De loonruimte-overeenkomst heeft zowel betrekking op enkele arbeidsvoorwaardelijke afspraken tussen sociale partners, als op afspraken over pensioen. De sociale partners in de Pensioenkamer hebben in hun overleg van 3 september de afspraken uit de loonruimte-overeenkomst voor zover die betrekking hebben op pensioen bekrachtigd. De Pensioenkamer is de overlegtafel voor formele besluitvorming over pensioen. Op de sectorale tafels zijn of worden de andere arbeidsvoorwaarden bekrachtigd (zoals de afgesproken loonsverhoging). De regering heeft de achterbanraadpleging van de loonruimte-overeenkomst willen afwachten voor het wetgevingsproces in gang te zetten.

Aangezien sociale partners hebben afgesproken dat per 1 januari 2016 over wordt gestapt op prijsindexatie is spoedige besluitvorming noodzakelijk. Het ABP heeft ook op deze spoedige behandeling gewezen vanwege de uitvoeringsproblematiek (zie bijlage 1: Brief van het ABP met als onderwerp: Wijziging Wet privatisering ABP, van 5 november 2015).

De leden van de SP-fractie vragen of in overweging wordt genomen de behandeling van deze wet uit te stellen, om eerst duidelijkheid te krijgen wat de gevolgen zullen zijn van het gesloten loonakkoord voor het ABP, omdat ook deze wet van invloed is. De genoemde leden kunnen daardoor geen evenwichtige afweging maken over de gevolgen van deze wet.

Sociale partners hebben afgesproken om per 1 januari 2016 over te gaan op prijsindexatie. Uitstel van dit wetsvoorstel past daar dan niet in. Daarbij dient opgemerkt te worden dat het wetsvoorstel geen indexatiewijze voorschrijft, maar aan sociale partners een keuze biedt ten aanzien van de wijze waarop pensioenen en pensioenaanspraken in de toekomst geïndexeerd worden.

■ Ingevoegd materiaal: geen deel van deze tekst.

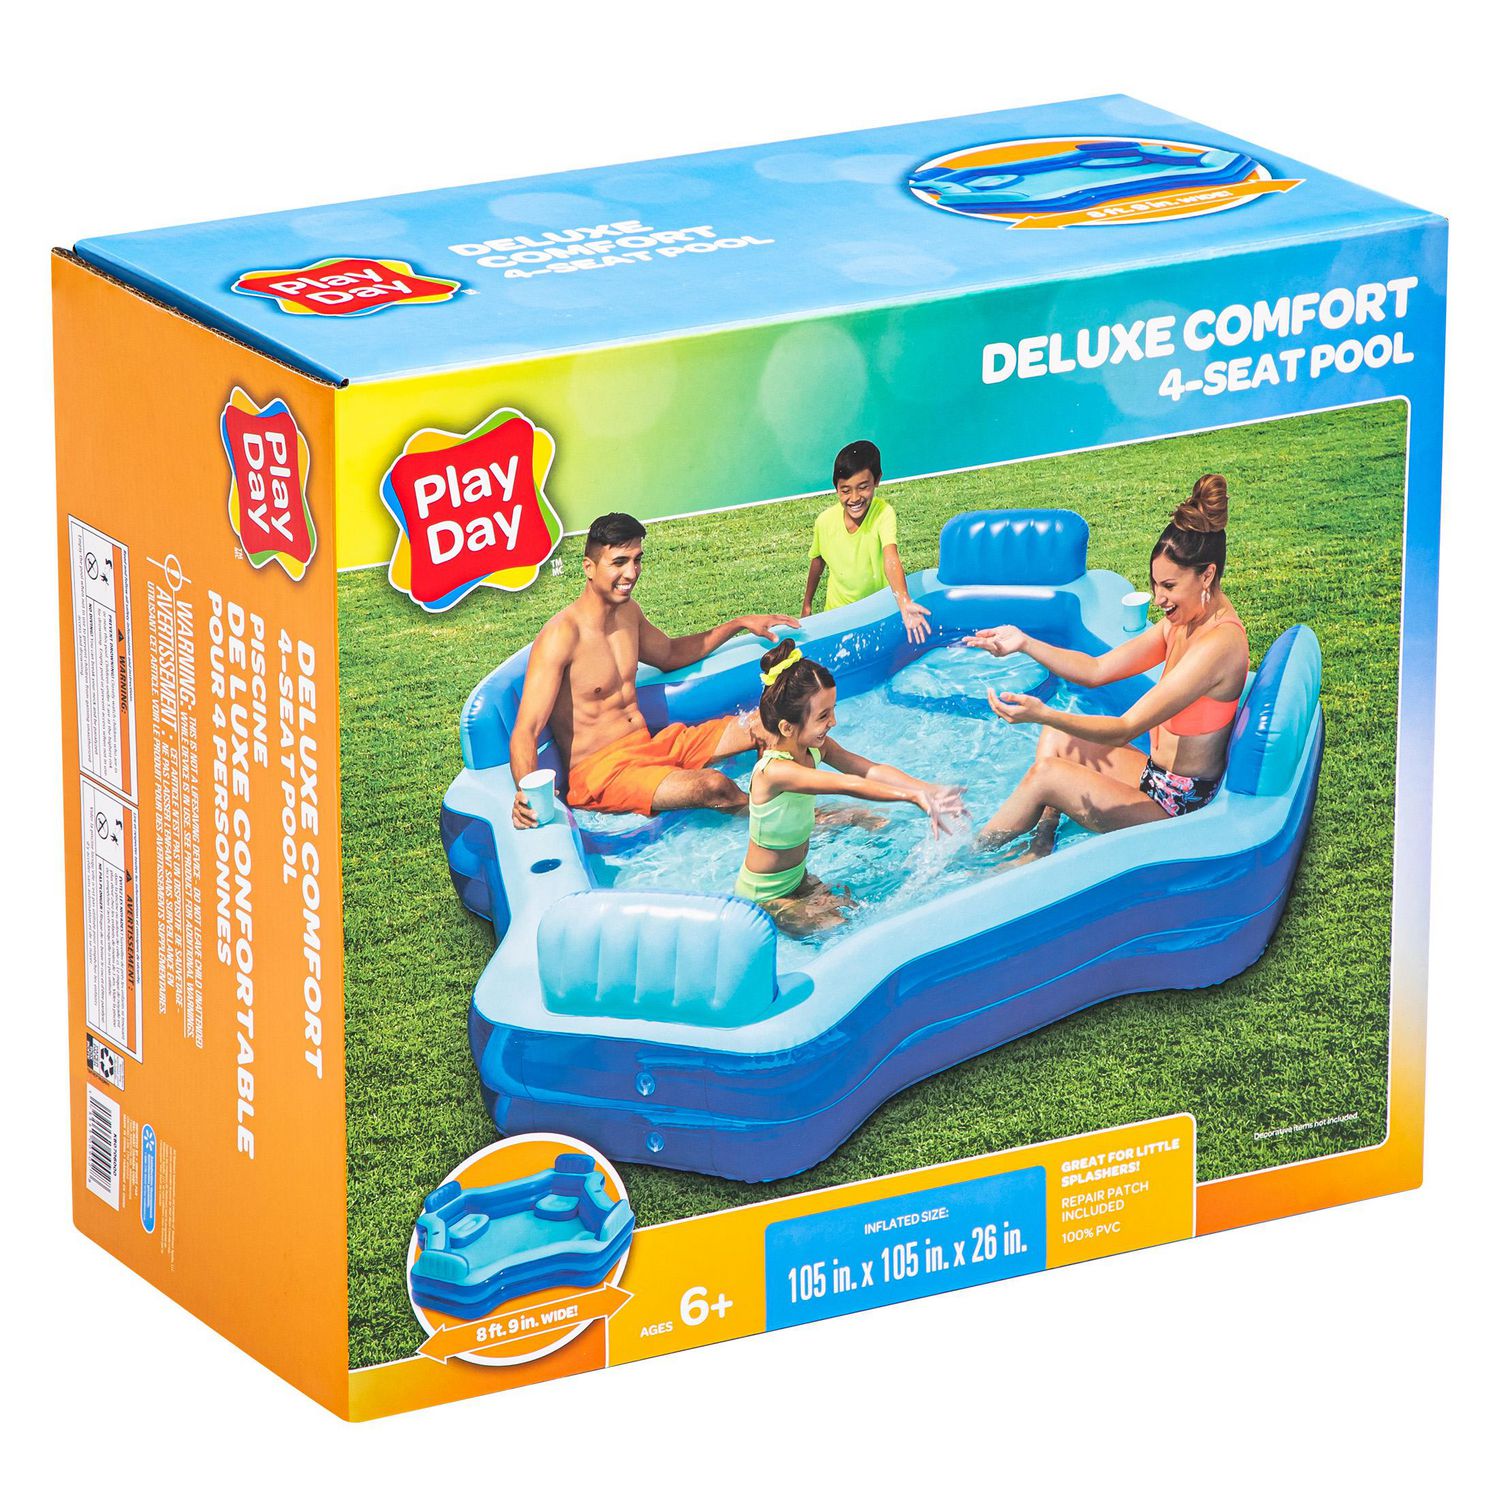 Play Day Deluxe Comfort Pool | Walmart Canada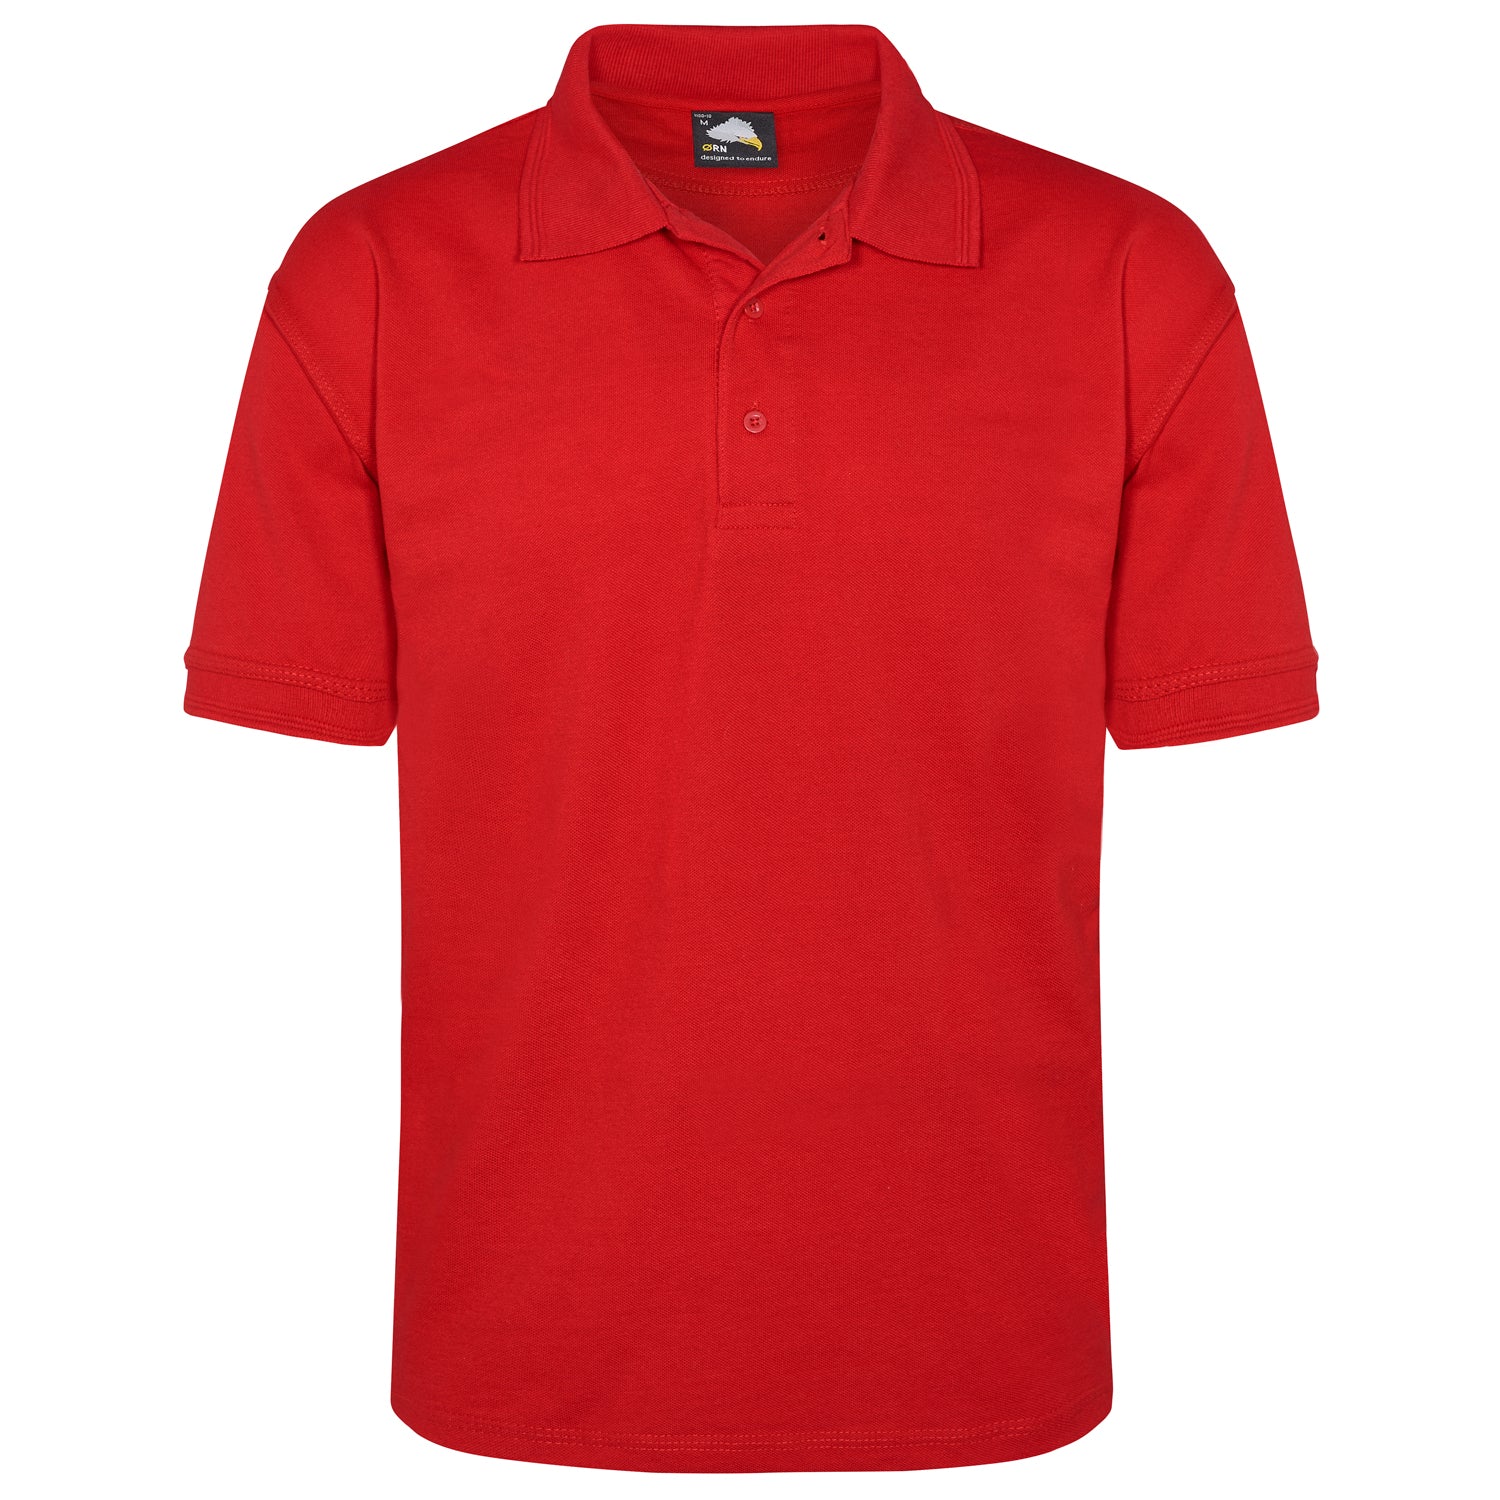 ORN Eagle Poloshirt - Red

1. Opnemen van samenwerkingsverbanden in het primair onderwijs en het voortgezet onderwijs als overheidswerkgever

De leden van de VVD- fractie vragen waarom de nieuwe samenwerkingsverbanden, drie jaar na dato, wettelijk geregeld worden.

De Wet privatisering ABP (hierna WPA) kent een gesloten systeem van gedefinieerde overheidswerknemers en daaruit voortvloeiend overheidswerkgevers. Vanuit de onderwijswetgeving is niet aanstonds duidelijk geworden dat deze werkgeversentiteit afweek van de al genoemde werkgeversverbanden in artikel 2 lid 1 onder d van de WPA met overheidswerknemers in dienst. Het ABP, OCW, SZW en BZK hebben zorgvuldig afgewogen hoe deze nieuwe werkgeversentiteit in het gesloten stelsel vorm moest krijgen. Hier is enige tijd over heen gegaan. Daarnaast betreft het een technische aanpassing en daarom is gewacht op een moment waarbij deze wijziging kon worden meegenomen in het wetgevingsproces.

2. Wijziging pensioengerechtigde leeftijd 65 jaar in AOW gerechtigde pensioenleeftijd

De leden van de VVD-fractie vragen of doorvertaling van AOW-wijzigingen (wijziging AOW per 1 januari 2013) door de regering voortaan sneller in de WPA verankerd zullen worden.

De regering zal zich ervoor inspannen dat dergelijke wijzigingen voortaan sneller in de WPA verankerd worden.

De leden van de PvdA-fractie vragen zich af of dit artikelonderdeel niet beter in zijn geheel geschrapt kan worden. Om die reden vraagt de PvdA-fractie zich af of dit geschrapte artikelonderdeel niet beter in een nota van wijziging tegemoet kan worden gezien. En zo nee, waarom niet?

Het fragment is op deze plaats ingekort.